Last updated on June 23rd, 2022 at 04:28 am
The COVID-19 pandemic has impacted the lives of everyone around the planet. It has changed the way we live in many ways. Some of these impacts are short-term changes, and others will completely alter the way things are done from now on. One of the short-term changes has been lockdowns. While lockdowns have been challenging for everyone, those most vulnerable to the illness have faced the harshest consequences.
For people with disabilities, chronic illness, and the elderly, there are often additional challenges posed by the pandemic that most of us don’t really think about. Many of the people in these groups require daily assistance in their lives, but this can be challenging when a caregiver is not in-home and possibly works with multiple patients. The possibility of coping without a caregiver, using assistive technology instead, can be quite appealing.

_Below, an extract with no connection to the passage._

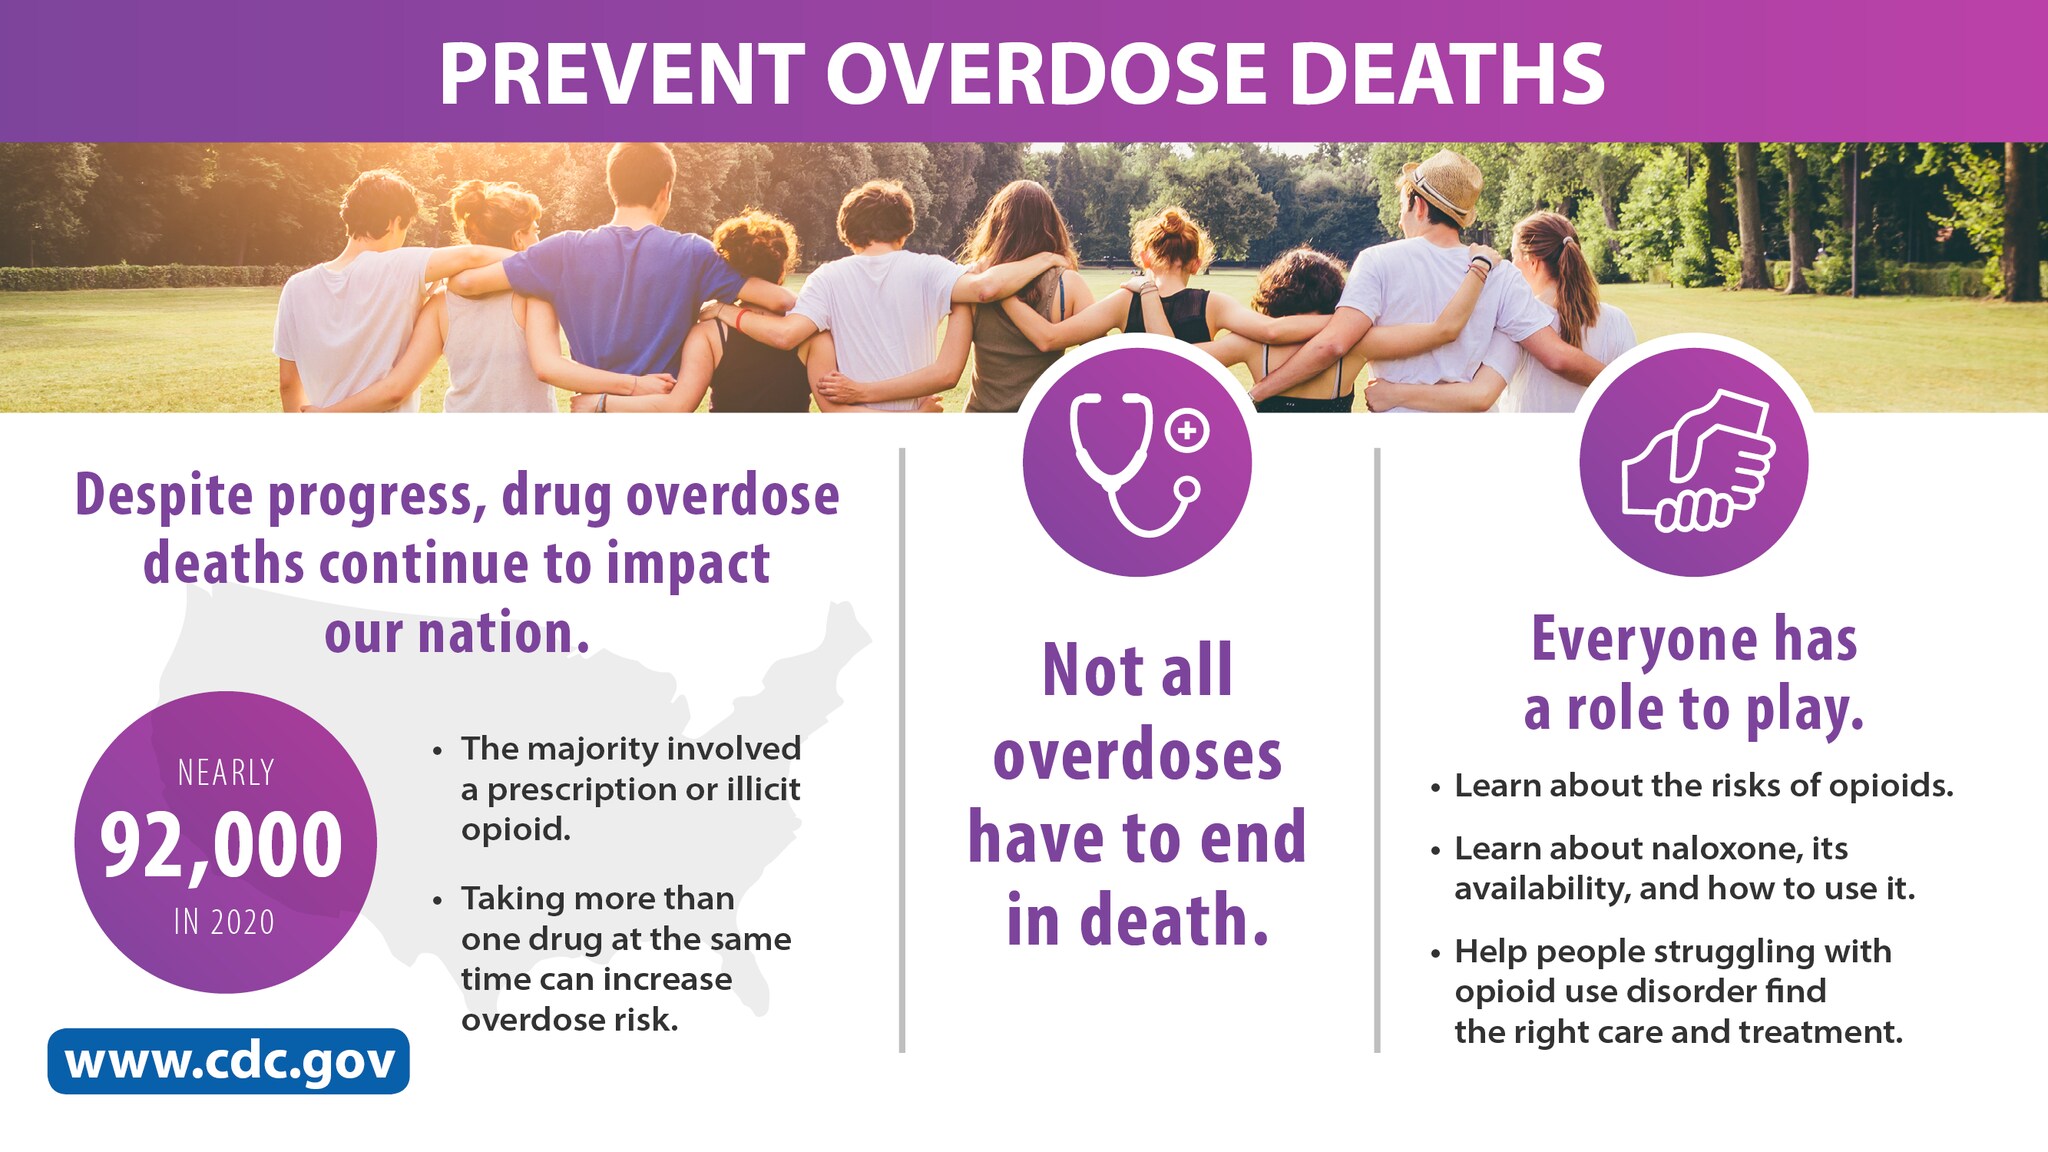 Prevent Overdose Deaths: Despite progress, drug overdose deaths continue to impact our nation. Not all overdoses have to end
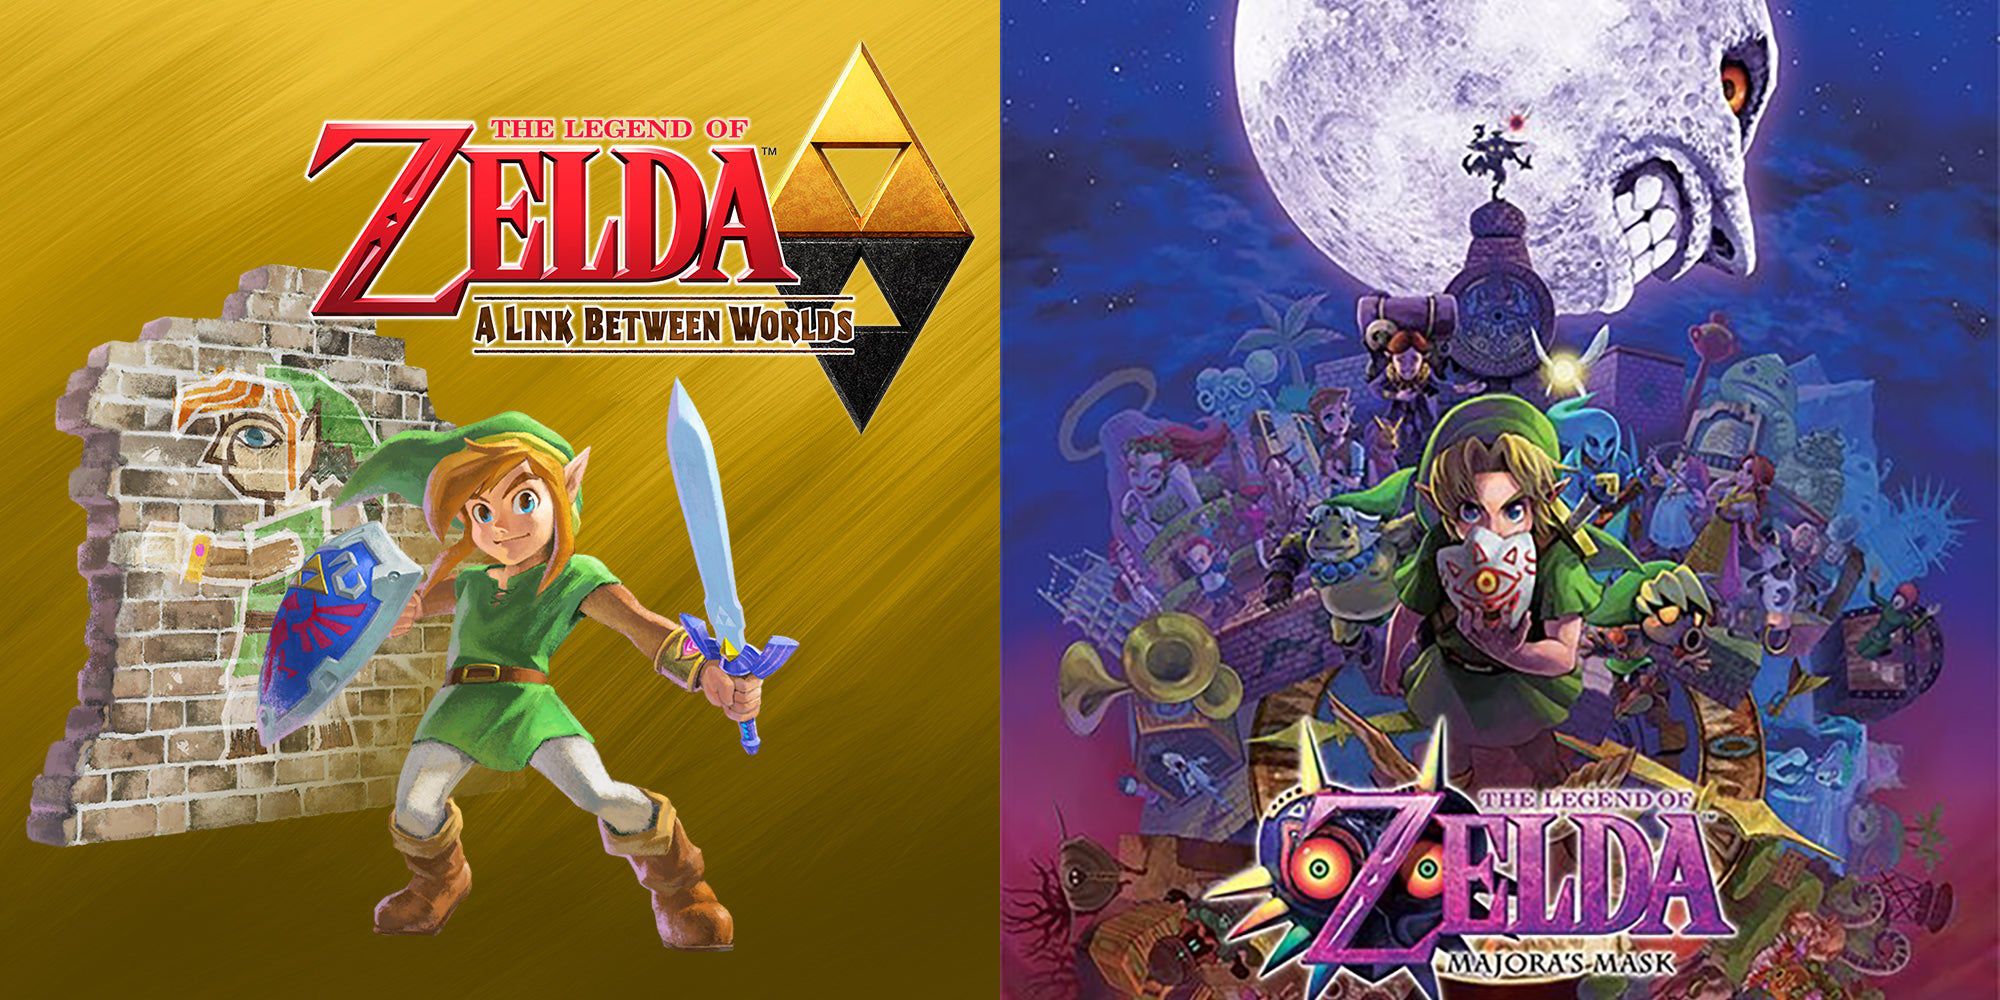 the legend of zelda a link between worlds and majora's mask game covers

There are many assistive technologies out there that can help those who are not in full health to live a more independent life. You might be worried about being able to get a caregiver to your home, either because you are in lockdown, because you are worried about them infecting you, or because they have fallen ill themselves. In these situations, finding an alternative option can be quite liberating.
These assistive technologies can bring an extra level of freedom to people in need under normal circumstances. However, they can go from being greatly beneficial to nearly essential in a pandemic. When forced into situations of isolation, being able to cope on your own is critical to your well being and possibly your survival. Making the assistive technologies that we have available as widely accessible for those in need is vital.
Getting these technologies to those who require them at a reasonable price or having them fully covered by their health insurance could save many lives while we wait for the end of this global crisis.
Beyond the potential benefits for physical health and survival, these technologies also have the potential to provide a big boost in mental health for those isolated from their friends and family. Many people feel okay about visiting with a friend or family member who is in good health during the pandemic. However, they are wary of visiting the elderly or people with other health problems.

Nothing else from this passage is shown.